I don't like clamping on any frame tube, least of all a hexagonal carbon one.


----------



## Mr Pig (Jun 25, 2008)

Cleared2land said:


> Why not just use the seat tube to clamp on?


It's not always possible. I reckon clamping high on the seat-tube should be safe enough from a structural point of view but often it can't be done. The stays force the clamp further down where bottle mounts, suspension components or other obstructions make it impossible to get the clamp on.


----------



## Cleared2land (Aug 31, 2012)

Cleared2land said:


> Why not just use the seat tube to clamp on? No paint damage related issues.

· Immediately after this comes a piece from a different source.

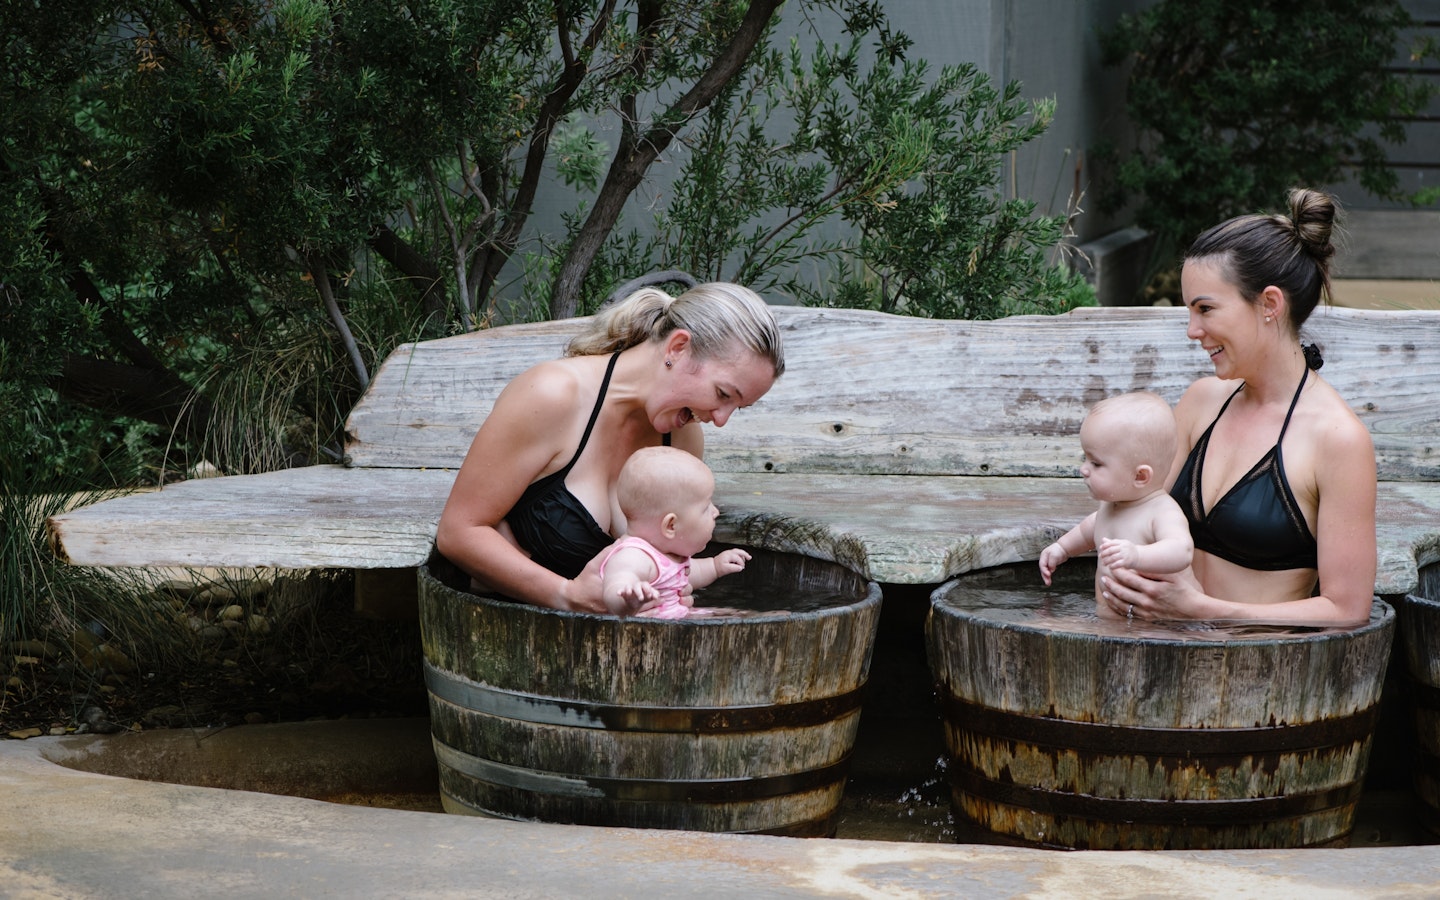 two women bathing in barrels with their babies
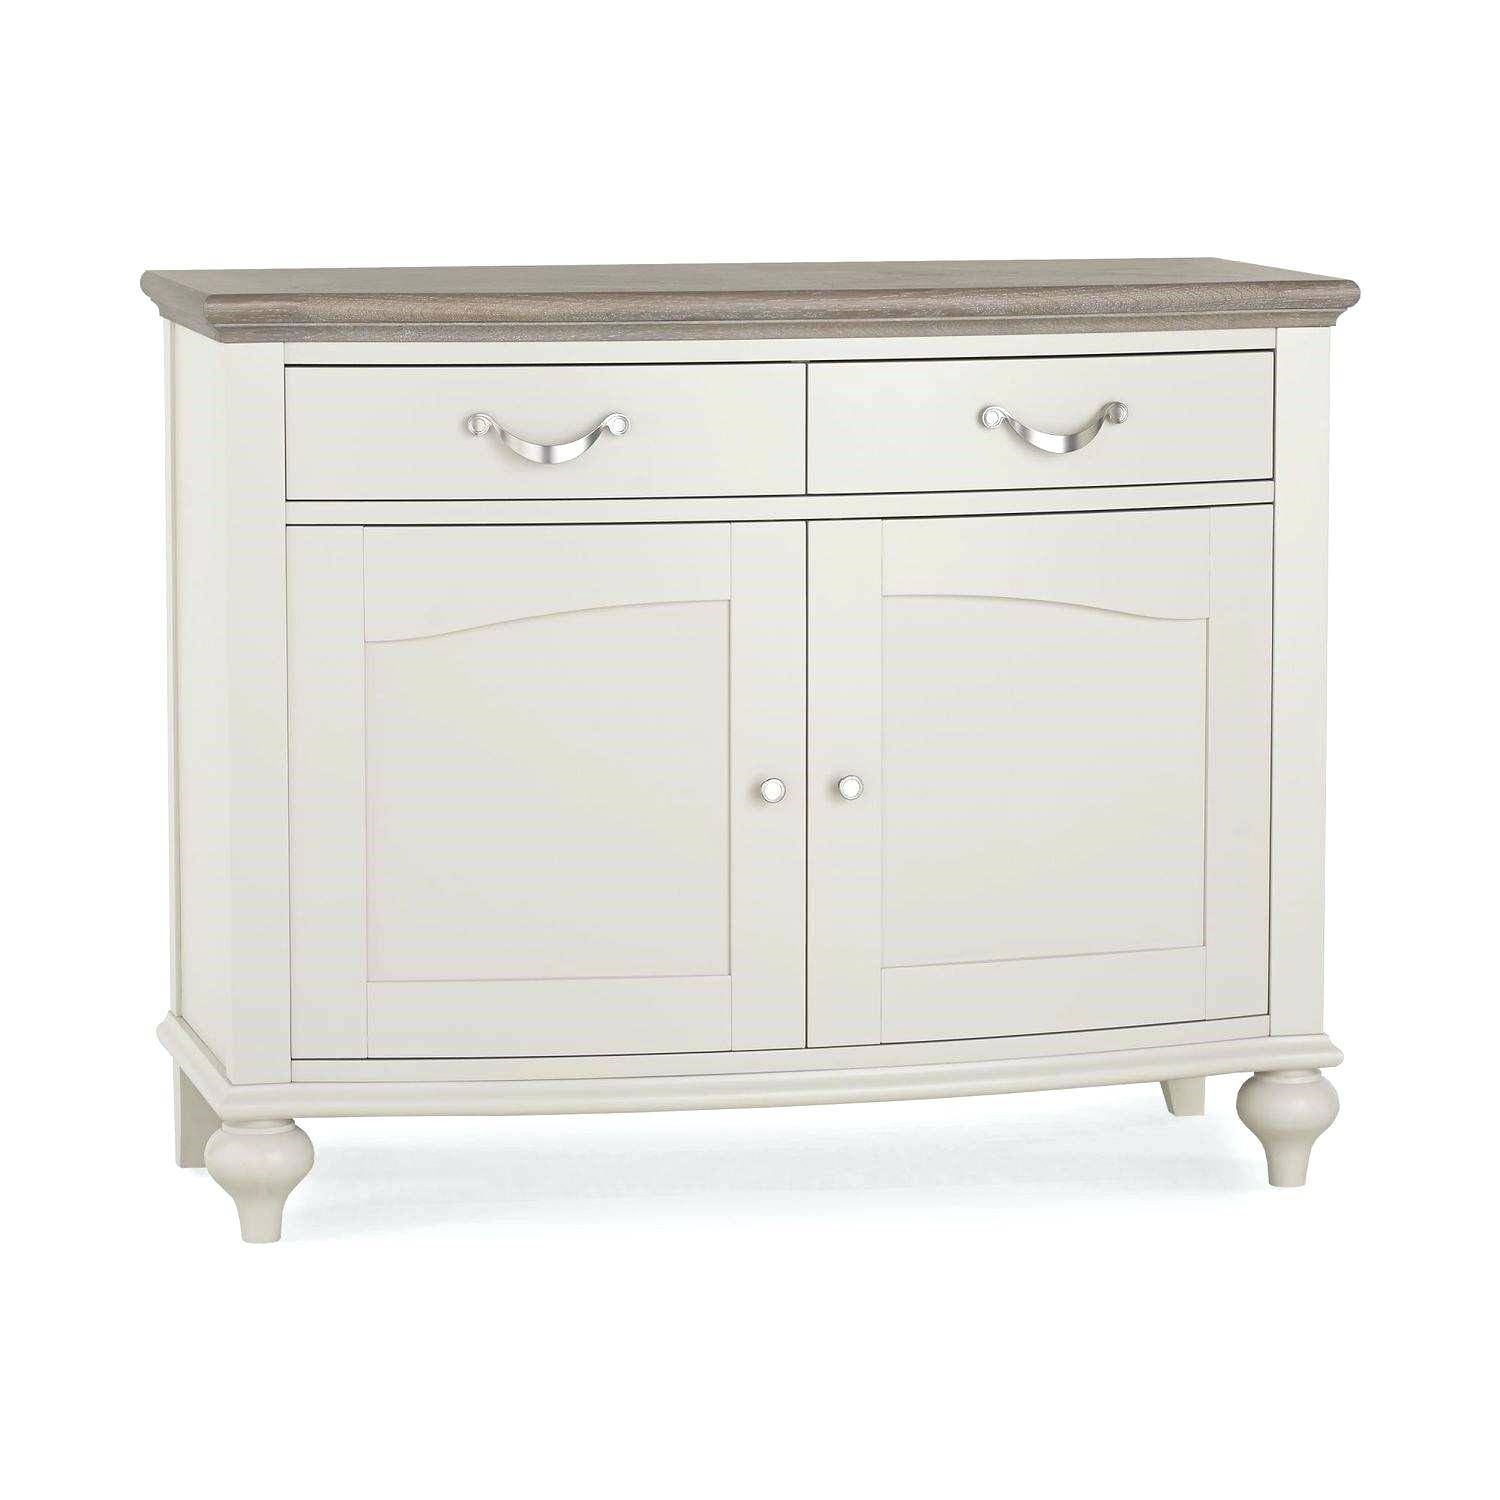 Narrow Sideboard Designs Grey Washed Oak Amp Soft Grey Narrow Within Most Popular Small Narrow Sideboards (View 10 of 15)

I said seat tube, but I meant seat post.

Damn


----------



## J.B. Weld (Aug 13, 2012)

^you're forgiven. Seatpost is best for sure but droppers are making that harder.


----------



## adriano (Apr 26, 2007)

Cleared2land said:


> Why not just use the seat tube to clamp on? No paint damage related issues.


Sure. That's what i am doing now. It's OK but i cannot use the integrated tray. A minor nuisance, i concede.


----------



## Mr Pig (Jun 25, 2008)

What we need is a bit of initiative from the industry here. Instead of giving us yet another axle or wheel size, how about a better bike stand eh guys?

Look at the motor trade. They had trolley jacks, then car lifts and then four-arm lifts. They got some development.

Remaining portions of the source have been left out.